Multi-component numerical simulation and experimental study of dendritic growth during solidification processing

Abstract

A multi-component model was developed to simulate microstructure evolution during solidification of a quinary alloy system. The thermodynamic and kinetic parameters including liquidus slope, partitioning coefficient, diffusion coefficient etc. as functions of temperature and solute concentration were obtained using CALculation of PHAse Diagrams (CALPHAD) modeling. The effect of solute interactions on diffusion and dendrite growth velocity was fully considered in this model. The model was validated by mesh size convergence, and compared with a well-accepted analytical model. The new model was shown to successfully display solidification dendrites and solute redistributions of a quinary Al-Si-Mg-Fe-Mn alloy.
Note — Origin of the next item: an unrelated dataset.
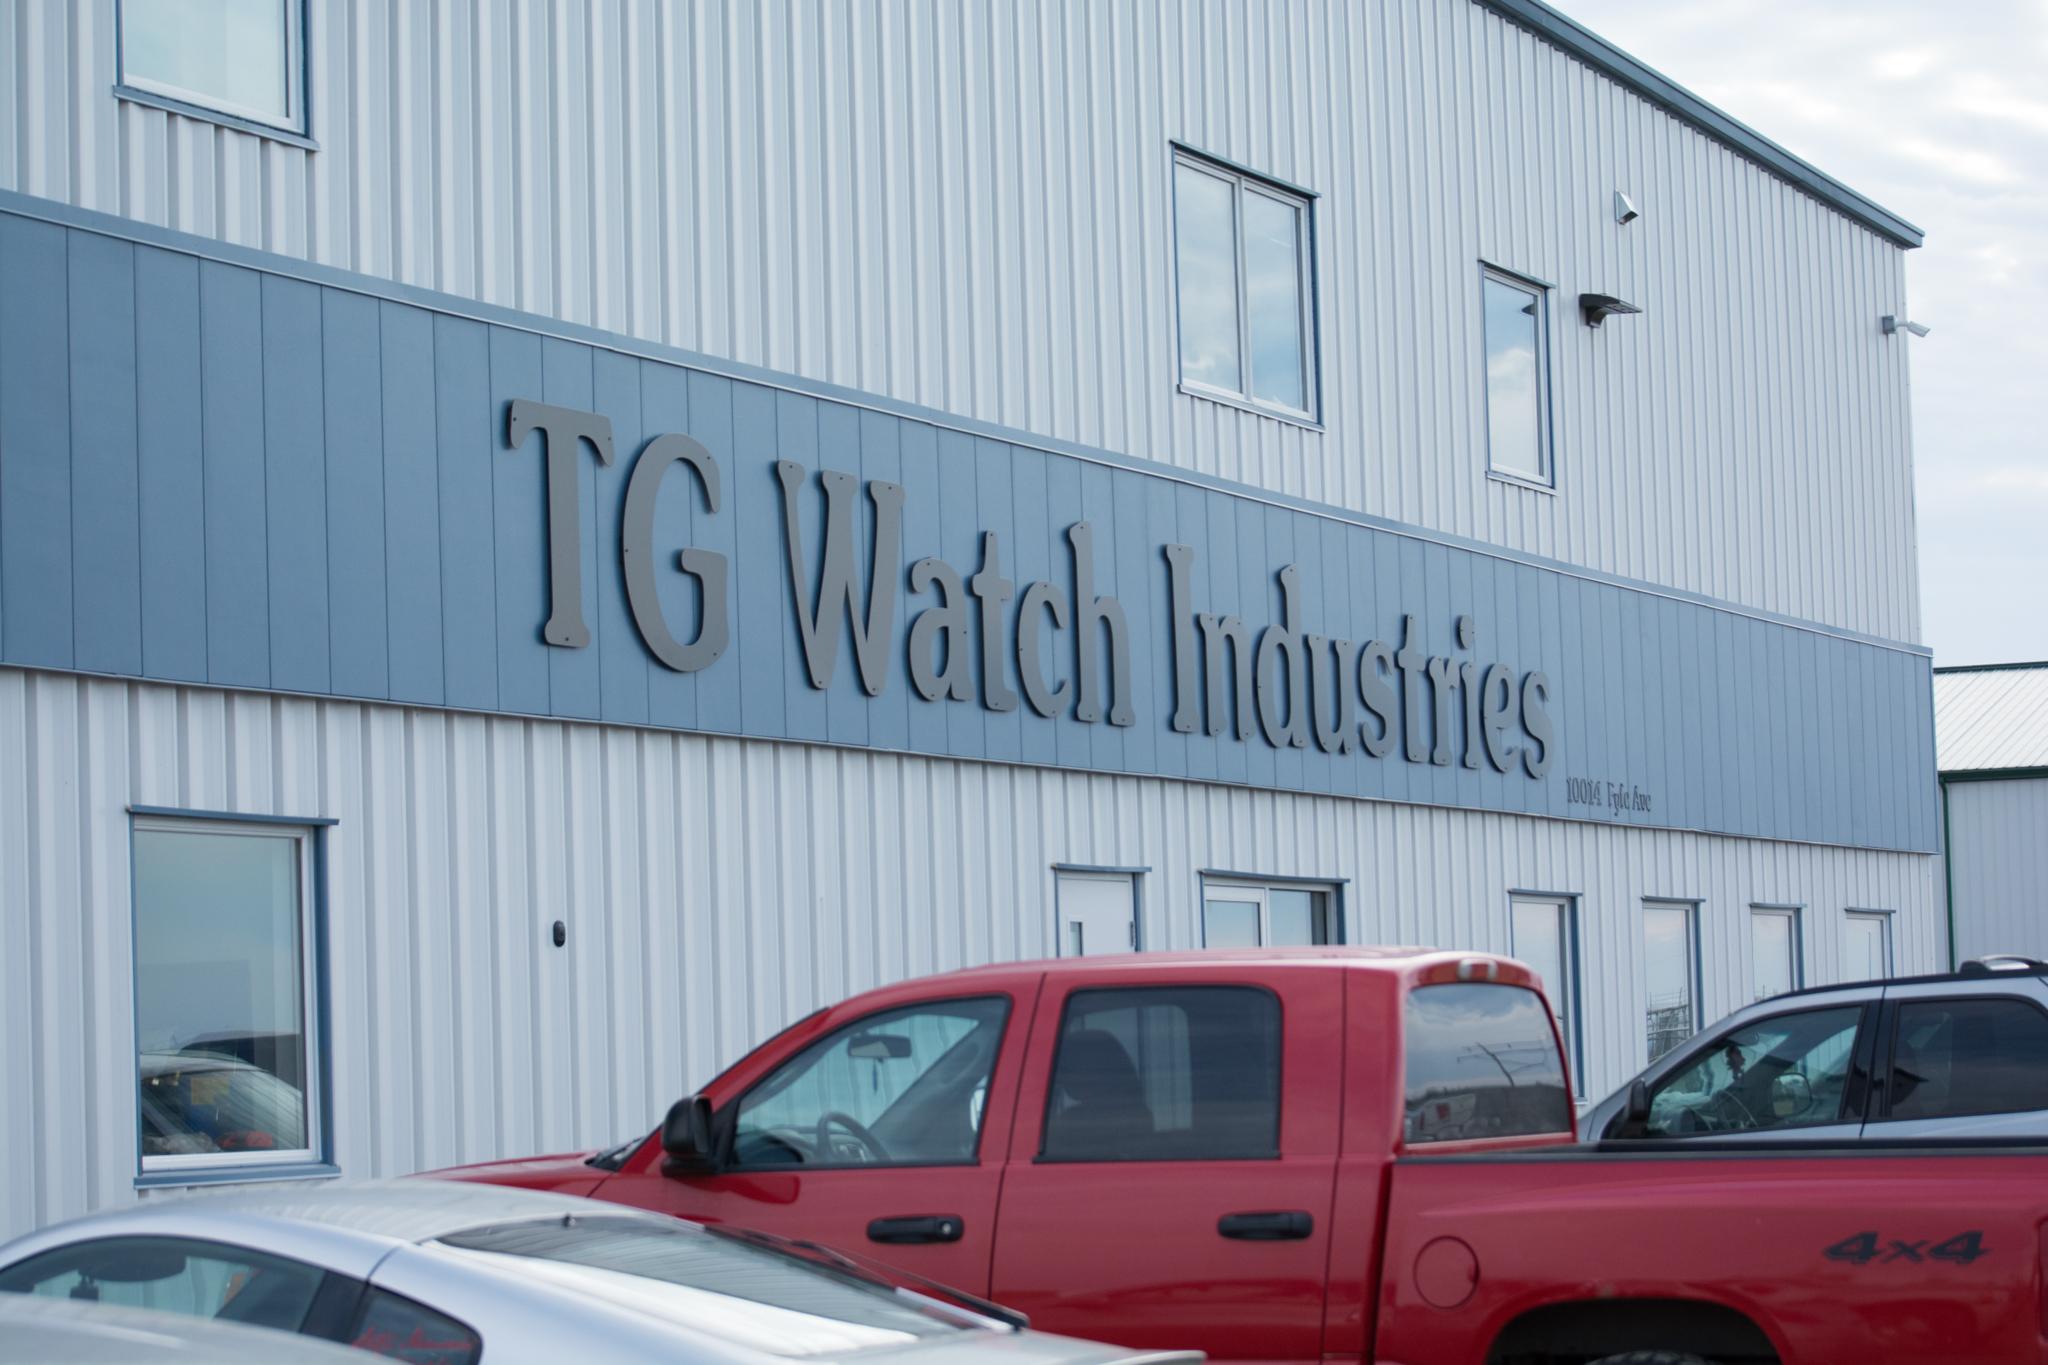 TG Watch Industries
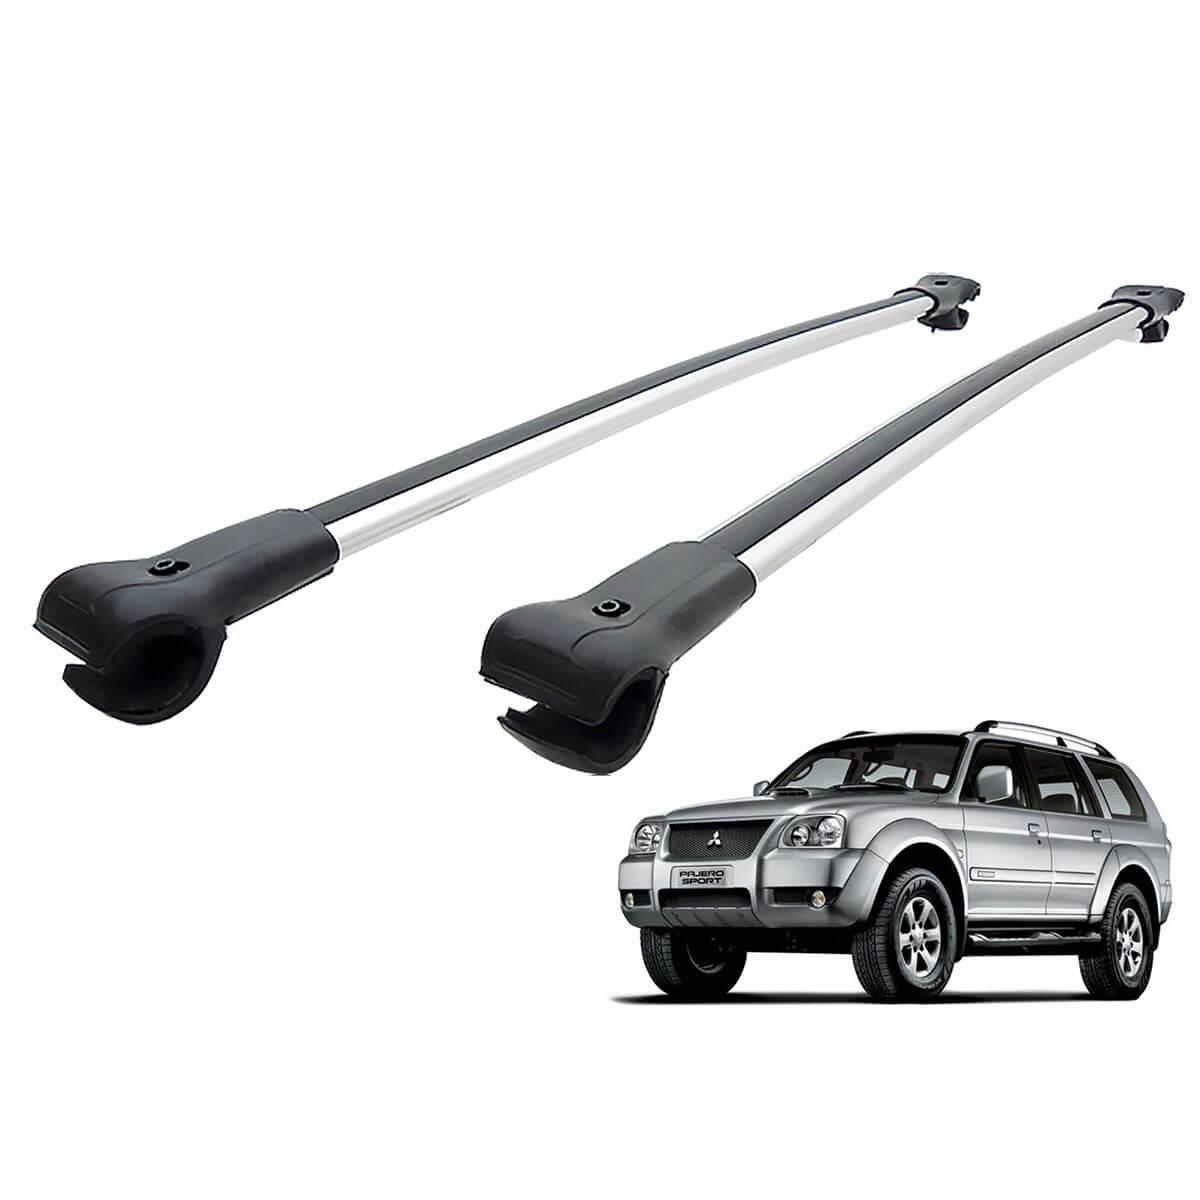 Travessa rack de teto larga alumínio Pajero Sport 2007 a 2011

The effect of different solute elements on solute diffusion and dendrite growth was analyzed. Additionally, various calculation domains and cooling rates of industrial importance were tested in the simulations. Directional solidification experiments were used for model validation in secondary dendrite arm spacing measurement and simulation. The validated relationship between the secondary dendrite arm spacing and cooling rate in a complex quinary system confirmed the accuracy of this 3-D multi-component model, which provides a critical connection between solidification processing and mechanical property prediction in Integrated Computational Materials Engineering (ICME) of solidification products.